Now I live in Canada and have stayed outside of the Chinese censorship for
almost 6 years now. My opinion have changed quite a lot. I used to believe the
idea of communism brainwashing, but now I have a feeling that this sort of
brainwashing and censorship goes both ways. Remember the famous tank man? It's
one of the important icon of this event and was marked as a symbol of the
Chinese government's oppression and brutality. That image/video was widely
spread in the western medias. The majority of the public believe he was rolled
over by the tank, because you know, Chinese government are evil. The full
video was posted earlier on Reddit. Many was shocked to find out that the tank
tried to drive around him and eventually stopped until the tank man was pulled
away by someone else. Why the mainstream media never showed the full video to
the public? Because it contradicted with the brutal image of Chinese
government/military that they were trying to portrait to the public.
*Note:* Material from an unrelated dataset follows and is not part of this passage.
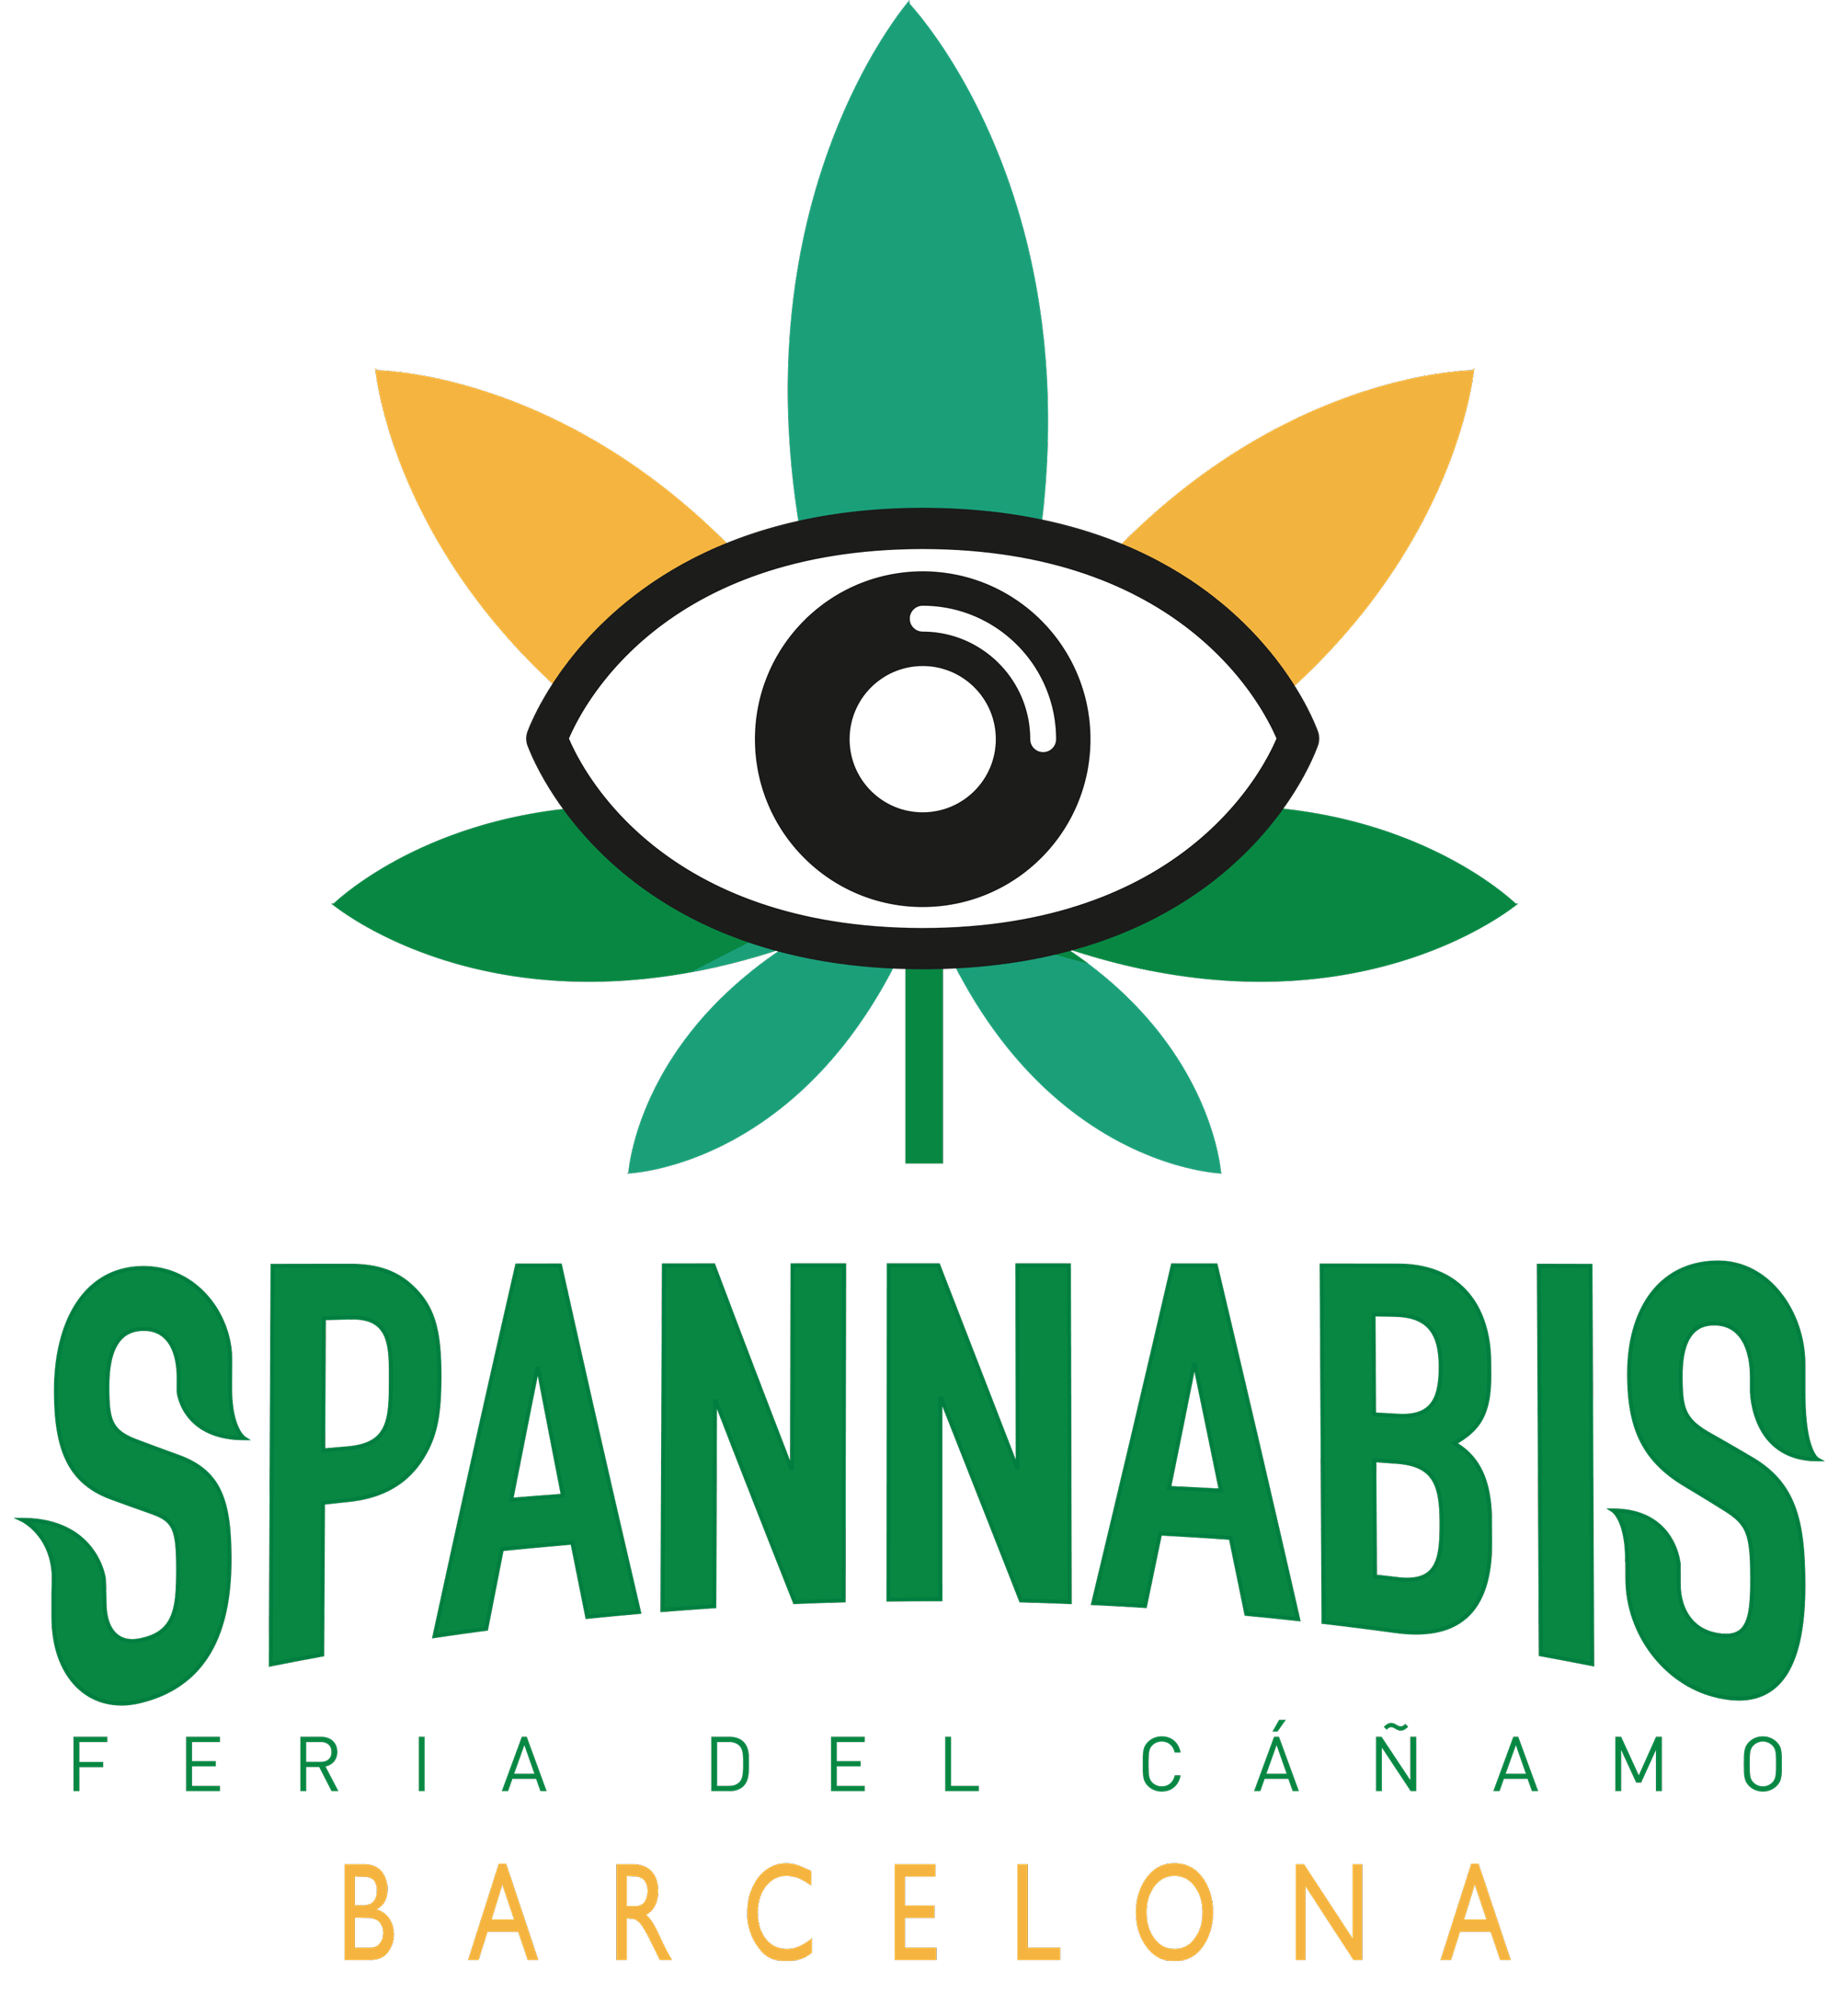 Spannabis i CannabisHub Cdays 2023: Tot el que has de saber

Propaganda is a funny thing. Bearing stereotype and ignorance, both side will
hold a strong belief that they are right.

I am by no means saying Chinese government is innocent. They pretty evil imo.
I am just trying to say is that it is very hard to figure out what really
happened now that both sides are extremely biased and ignorant towards the
other end. I personally believe there were students killed and injured during
the military intervention, but I am strongly skeptical against the massacre
claim as there was no solid evidence so far. The truth probably lies somewhere
in between the stories.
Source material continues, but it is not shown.